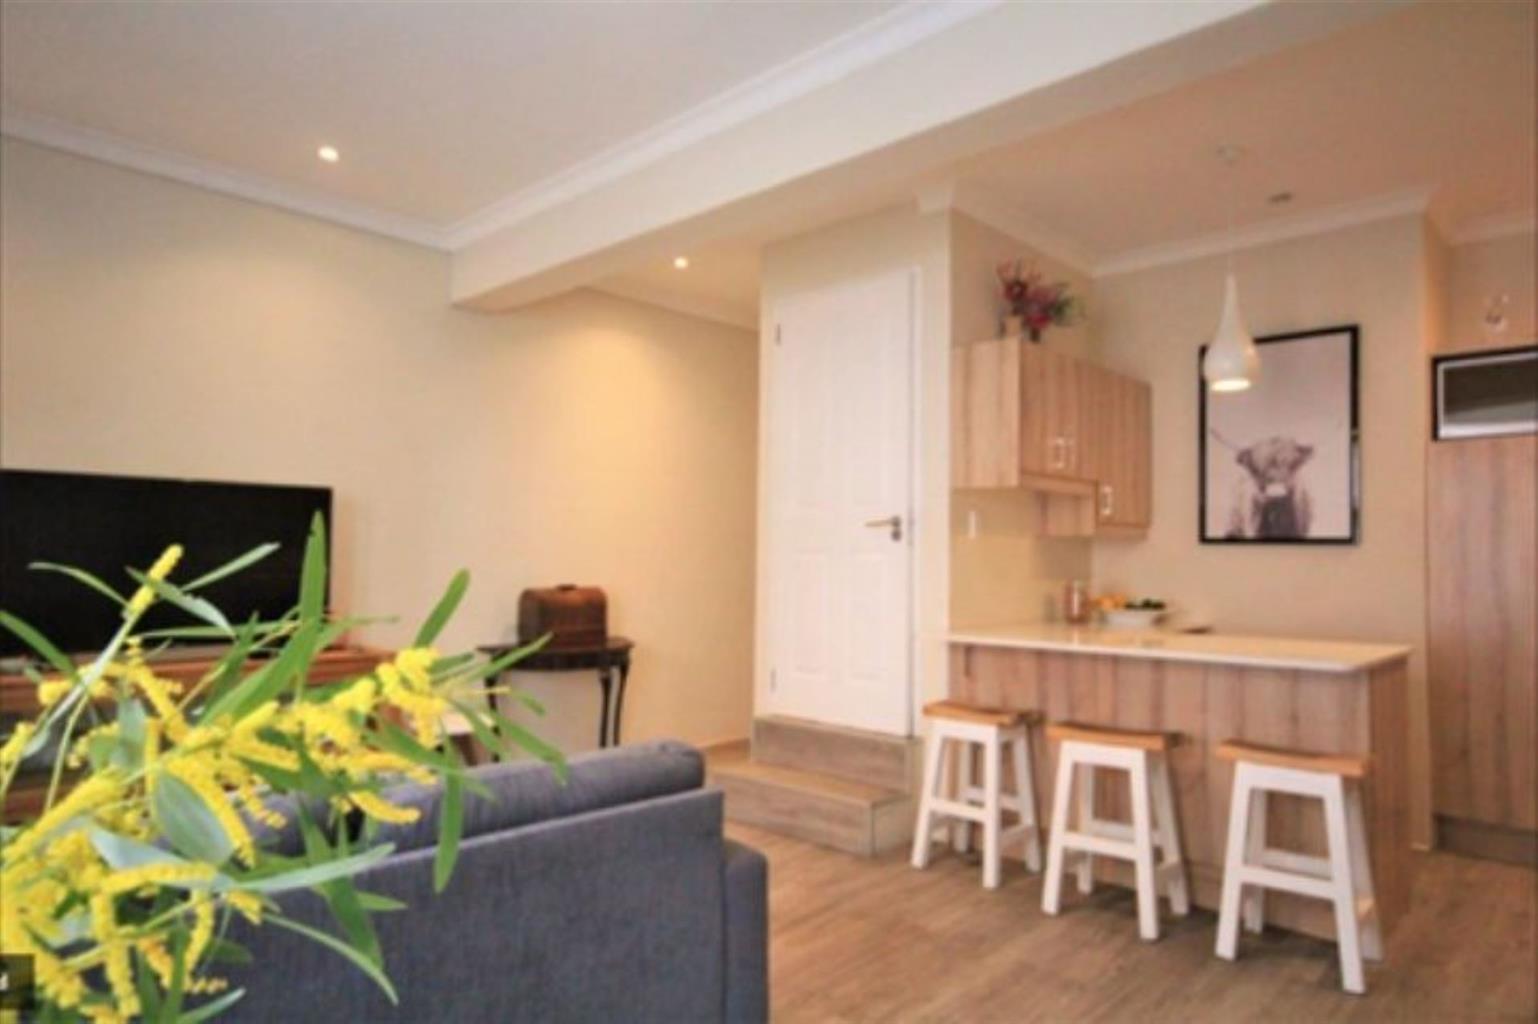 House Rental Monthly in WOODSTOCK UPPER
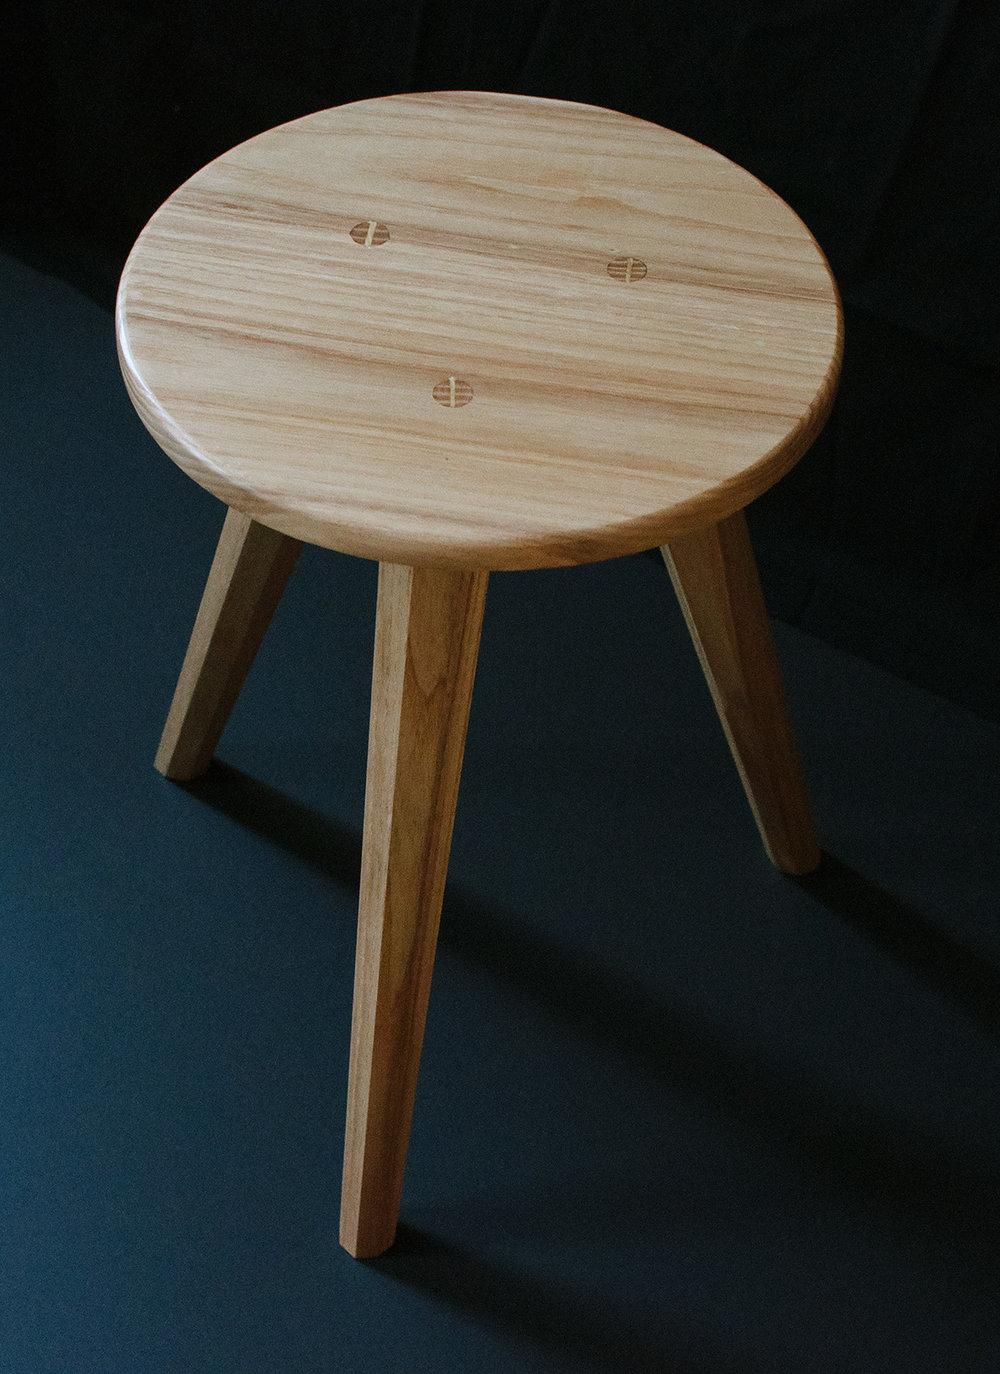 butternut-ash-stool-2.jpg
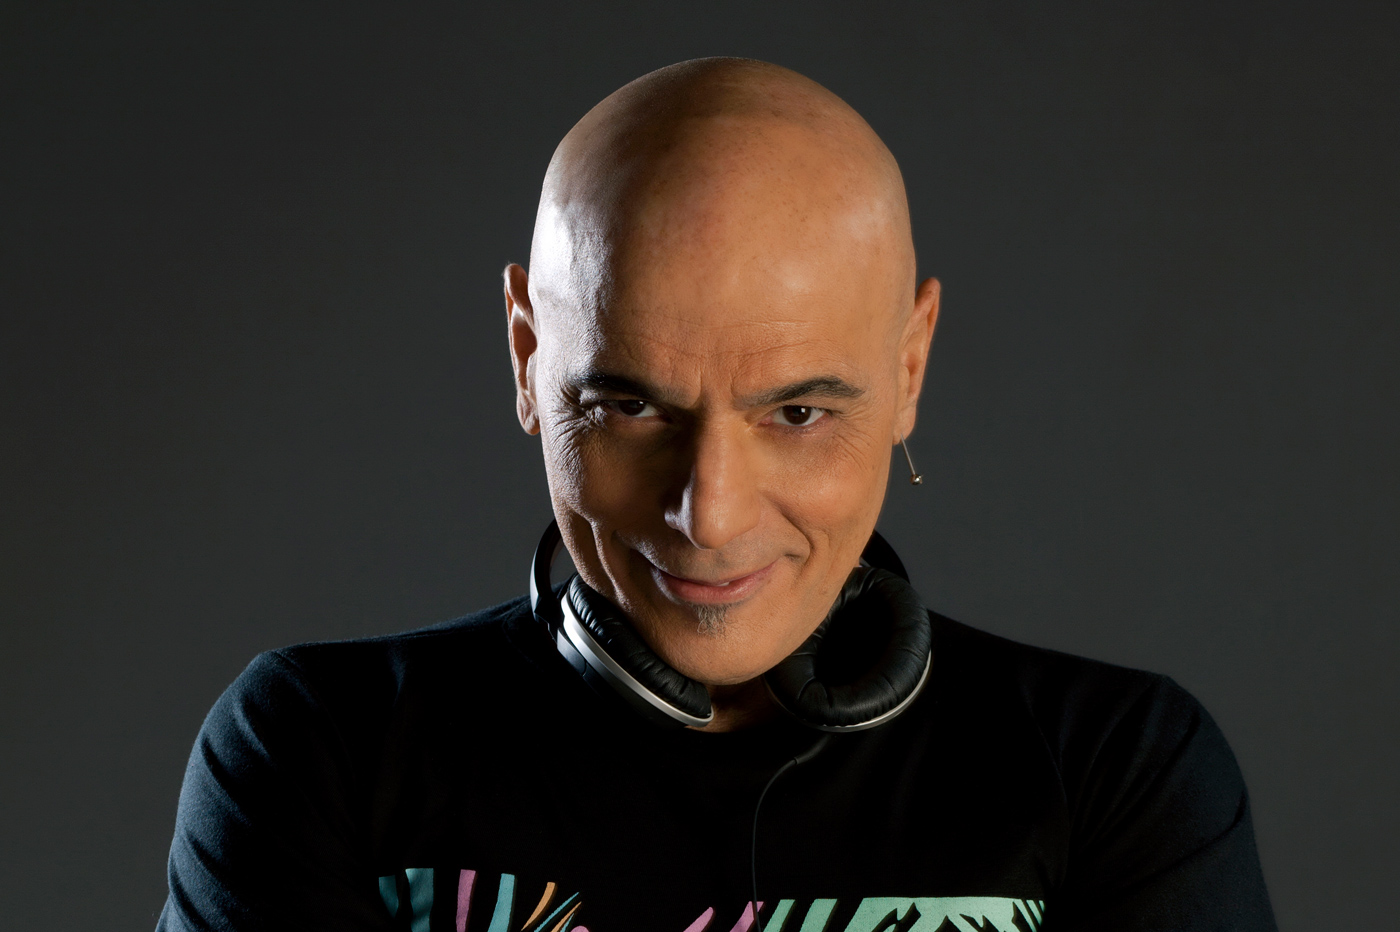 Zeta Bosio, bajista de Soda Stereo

• Activity: What you return should match the material word for word, apart from the pictures.

• Task solution:
 House Rental Monthly in WOODSTOCK UPPER
 butternut-ash-stool-2.jpg
 Zeta Bosio, bajista de Soda Stereo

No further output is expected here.